Did da da da da dada.
It's like cool, cool, cool, And we all have our stuff from this lifetime and all the others. You know, It's like it's not a race to enlightenment or consciousness. And I think very often people, especially once they get connected to certain language, it's just so easy to get high on your own supply. It is so easy to
be feeling yourself and holding yourself as above. And you know, I'm always of the belief no matter where i am in my wisdom and my knowledge and my process above nor beneath anyone ever, I'm just dancing with my unique karma and my unique spiritual curriculum. And actually, to answer your question that you had to start, I didn't come from a spiritual home. I think my mom was having her own reckoning with God, and so God was not
at all present in my house. But I always longed for God, Like I remember being a child and being fascinated by church and being very fascinated by Christ, but it kind of was very adjacent to my experience. I'm an only child raised by a single parent, and I was alive kid, so it's like all of those layers kind of experience. In childhood, I was always curious about God. I always felt God, but I didn't have any systems or language around it or anyone to talk to about it.

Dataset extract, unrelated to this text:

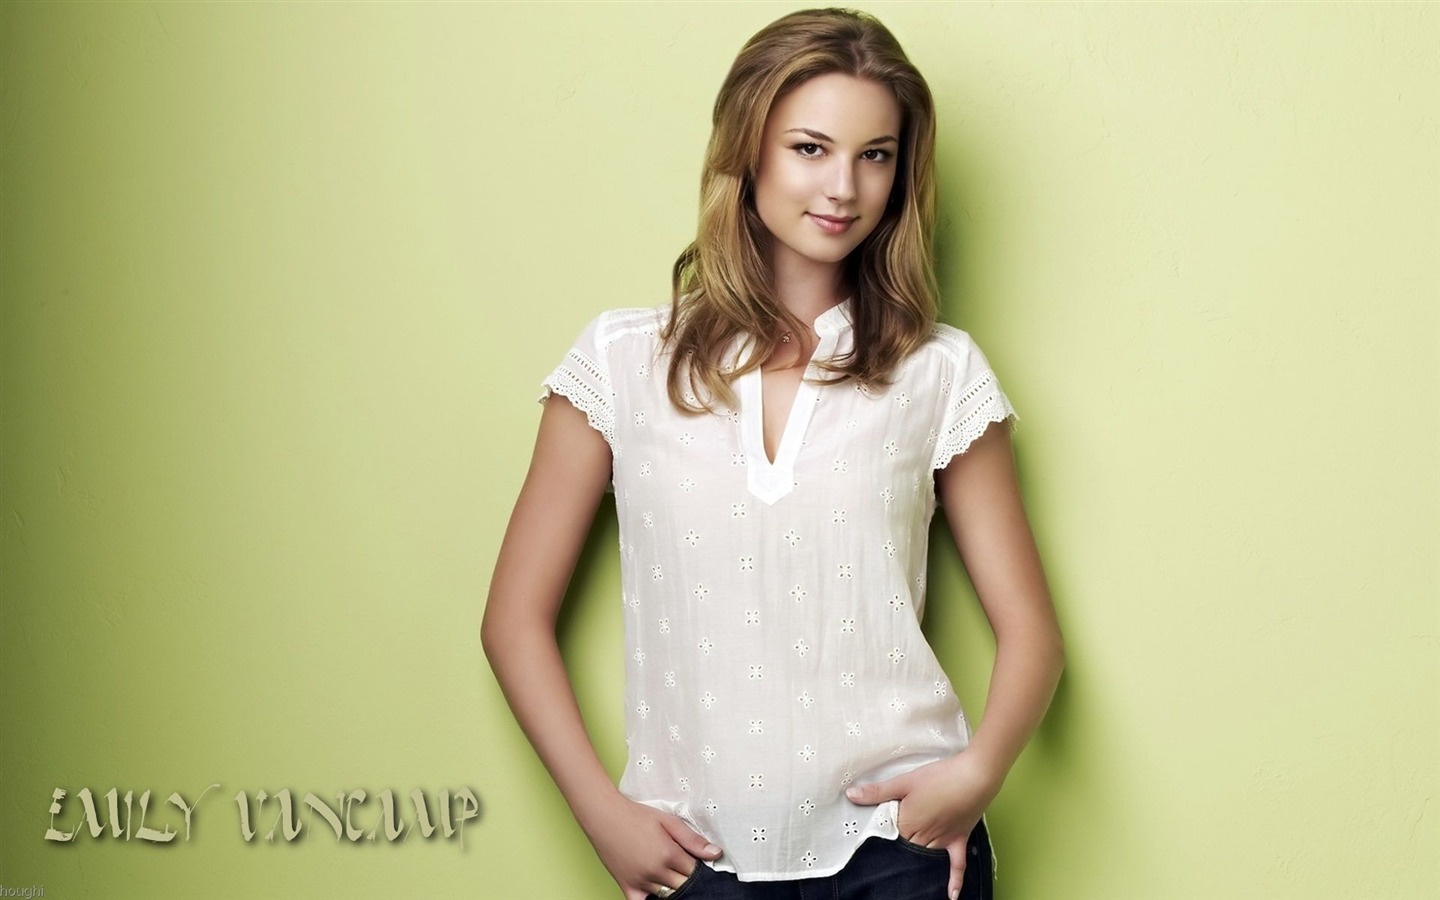 Emily VanCamp #003 - 1440x900 Wallpapers Pictures Photos Images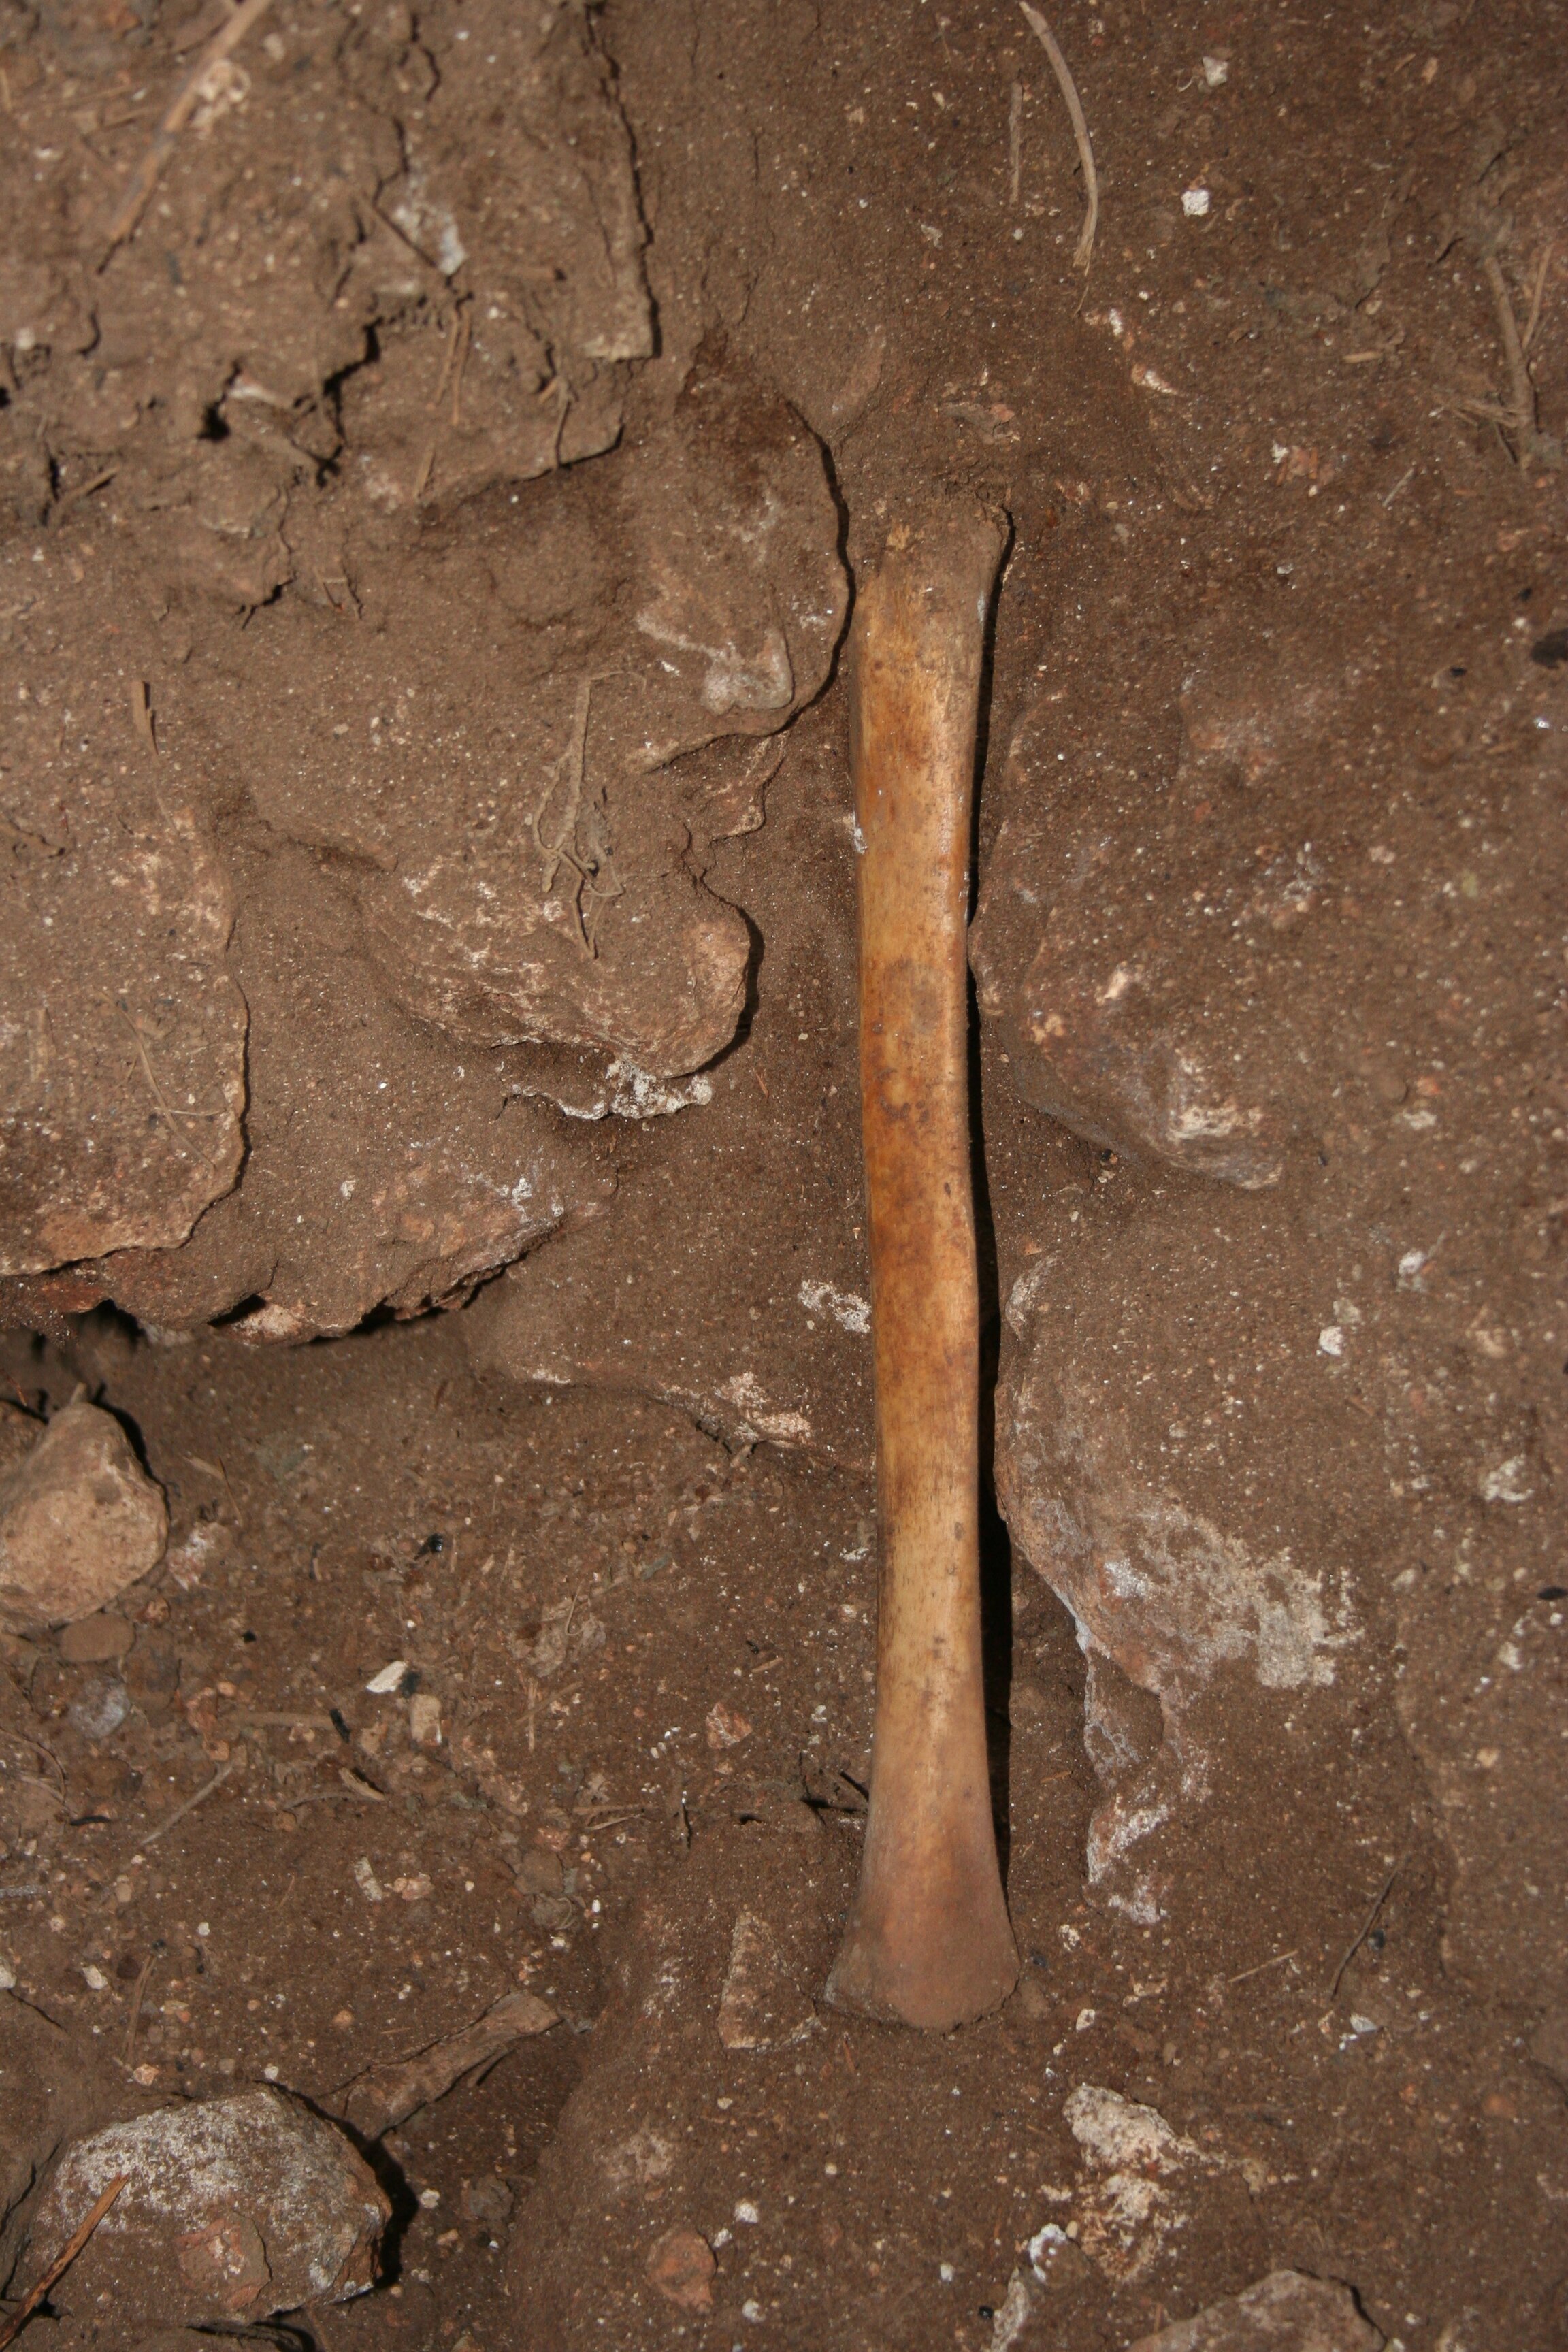 Ancient human remains buried in Spanish caves were subsequently manipulated and utilized

So my dance with the divine has always been about me seeking it out and then applying and growing in that kind of as my own personal relationship.
At what point did you begin to seek it out? Was it during that time or was.
It very young?
Yeah?
I think I came into an awareness that I was a very highly intuitive child really young, and I think that was noticed by adults around me and also probably really disliked. You know. I was always very, very very aware of patterns of decisions and choices adults were making. I was always kind of observing and evaluating. My mom used to call me like, you're you were a deep feeler, you know, and I'm like to say it, I'm like to say it lightly.
There's a lot.
Going on in this thing, But yeah, I think I was always intuitive, So I was connected to the mystery of being here on earth and like to kind of those unseen energetics and forces that you feel. And then I just kind of I've always been since I was
a kid. This this sounds like kind of ridiculous, Like I wasn't Doogie Houser or anything, but like I was always like I read it like a ninth grade level, like like I think in first grade or second grade or something like I had, like I know, I had like a terrible at math and science, but always really connected to like language and reading and history and fascinated by it forever. And so I would just kind of start there was no internet back in my day, but
I would just kind of leaf through books. And I think growing up in LA and I had a very contrasting way that I grew up, Like I experienced like a lot of extremes in lifestyles and in cultures. I think I feel really grateful to have been born in la and raised in the way that I was, because it allowed me to see the way that other people were connecting to God so much, other cultures, other backgrounds of their households. It's like, you know, there were meditation studios,
you know, if like you went to Santa Monica. There were yoga studios, there were so there were things that were always like seating my consciousness of like I don't quite know what that is, but damn I feel a pull to it. At some point I'll investigate, you know, and then it all started making sense.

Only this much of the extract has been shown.